The erection of the statue was met with both praise and criticism. The Guardian reported that, during its short time on the plinth, the statue was mostly popular with passersby in Bristol. A group was reported gathering in objection to the statue, while others took photos, or took the knee. Booker Prize-winning author Bernardine Evaristo described it as "demonstrable commitment to the cause of Black Lives Matter in that it shows active allyship" and addressed the lack of public statues of black women in the UK.

In his Daily Telegraph review, art critic Alastair Sooke interpreted the erection of the sculpture as "a vainglorious stunt". The sculptor Thomas J. Price described the work as a "PR stunt and con", suggesting that it was about Quinn profiting himself. Price said: "a genuine example of allyship could have been to give the financial support and production facilities required for a young, local, Black artist to make the temporary replacement. This would have positioned Black voices into a genuinely powerful position to reclaim their history in an authentic way. Instead, a moment of social change that should have been about bringing equality and real opportunities to Black people has been hijacked."

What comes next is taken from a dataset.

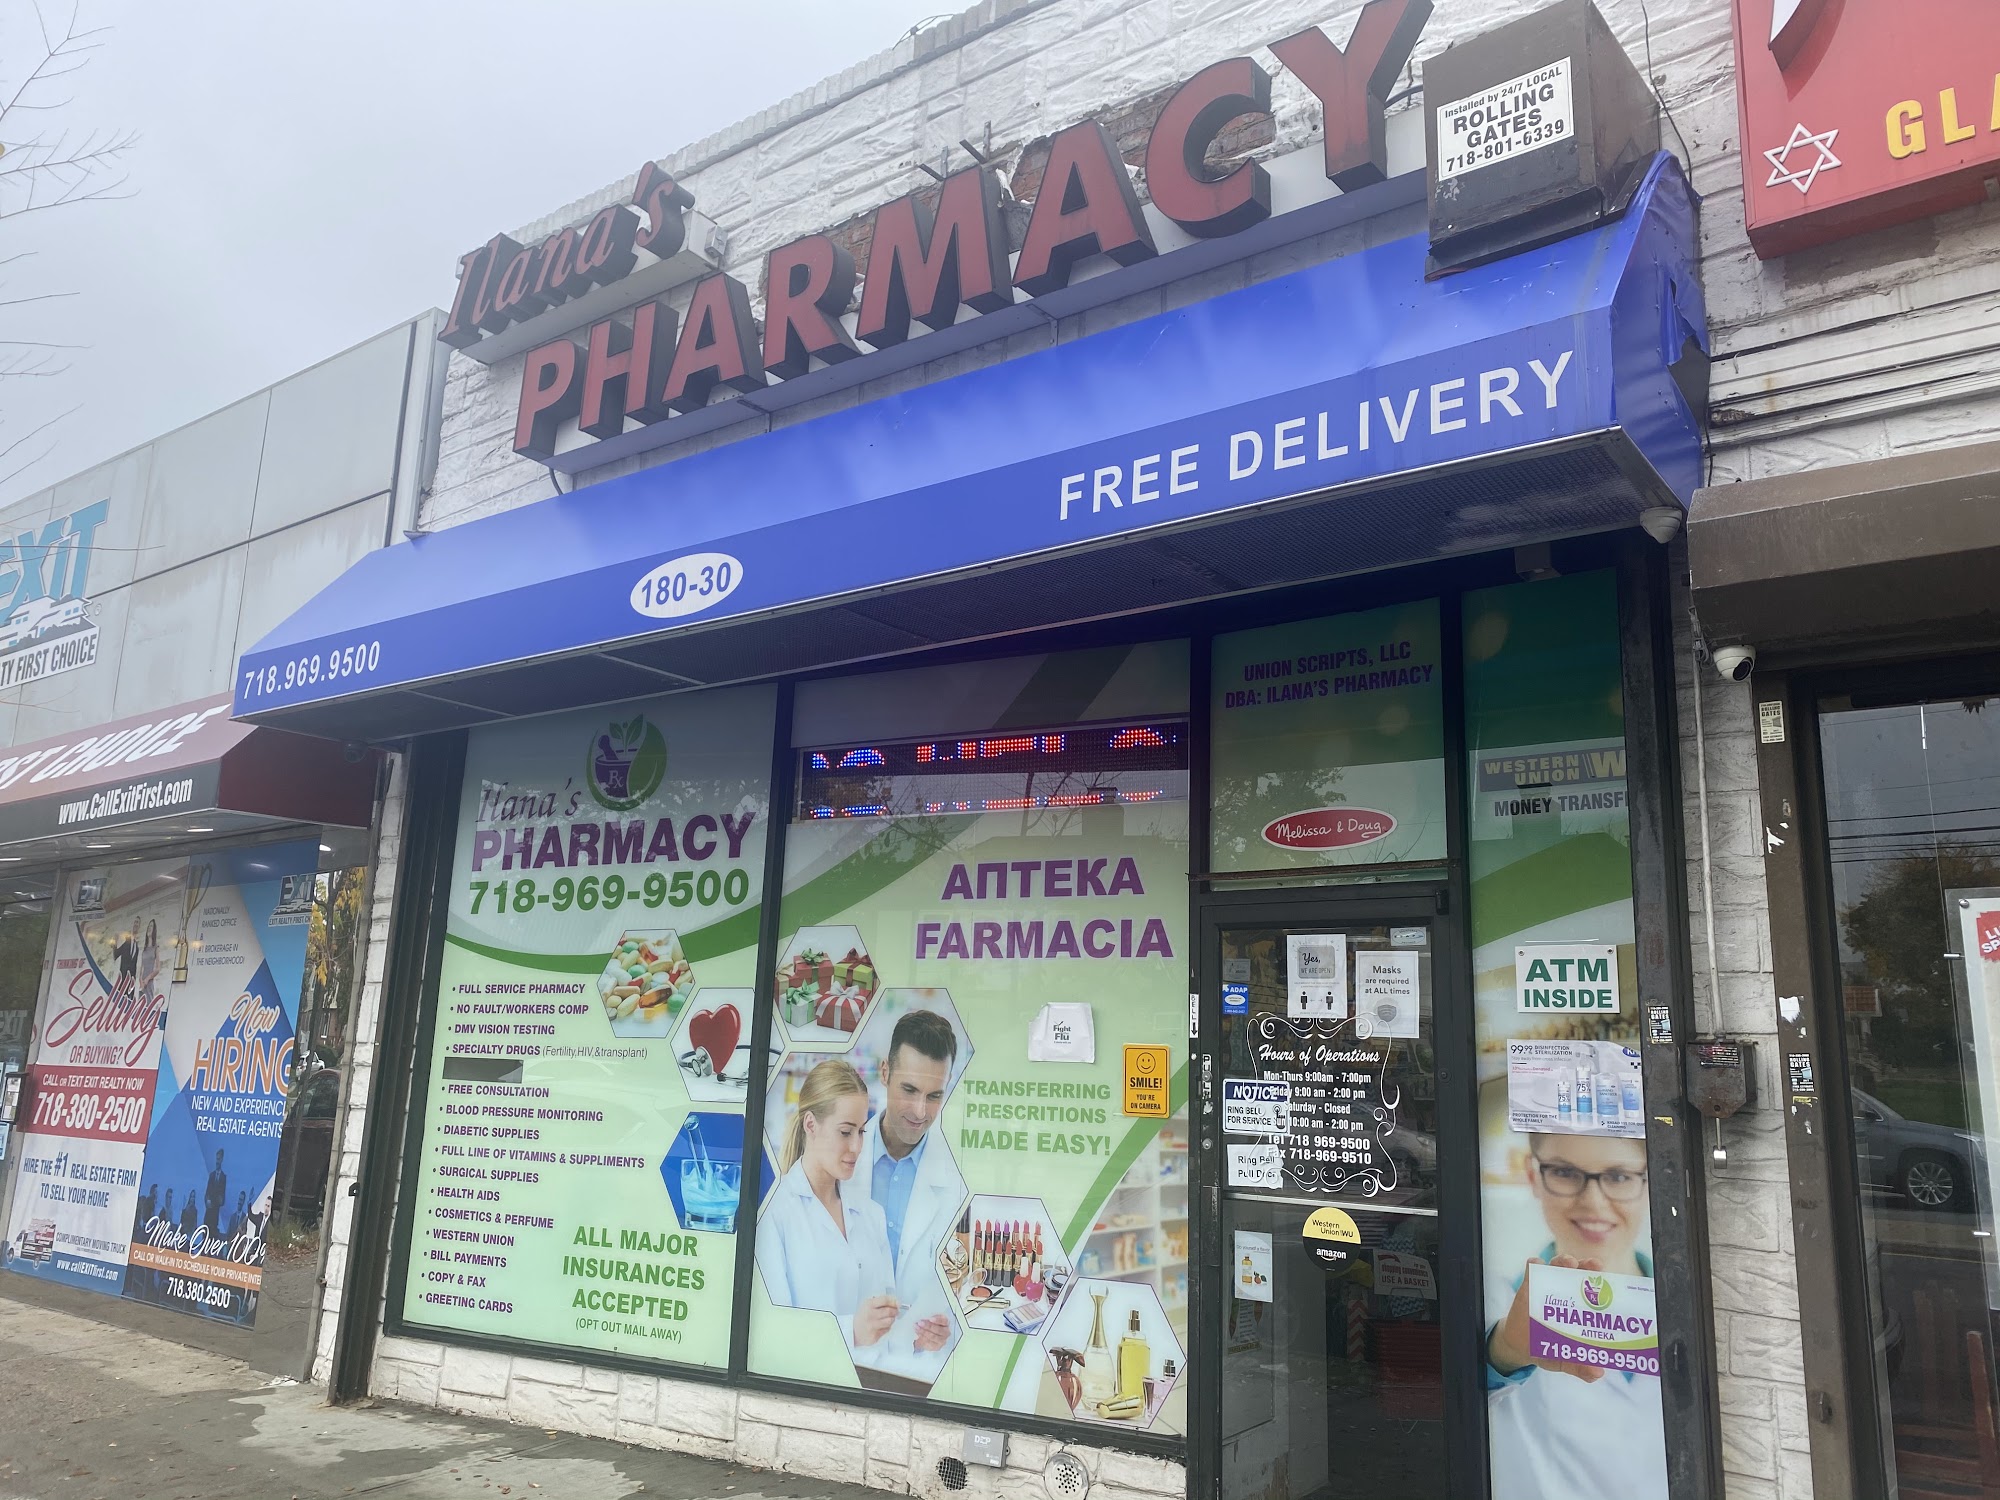 Ilana's Pharmacy

Charlotte Jansen, writing for Elephant Magazine, noted Quinn’s previous lack of interest in the themes of racism, colonialism and black history in Britain and that he had proved a lack of understanding of systemic racism by taking up space and centering himself in the narrative around the Colston Plinth.

In an article for Art Review, Kadish Morris suggested that Quinn and Reid’s use of the term ‘collaboration’ to describe the work could serve as a loophole for the artist to avoid the charge of exploitation. Morris writes: "It’s easy to be enchanted by visibility, but quick-fix reactionary gestures are flimsy grounds to fight antiblackness upon. Sculptures created by white men that bypass democratic processes (for which activists in Bristol have campaigned, for too long) are not the kinds of radical justice we need to see in the arts and culture sector."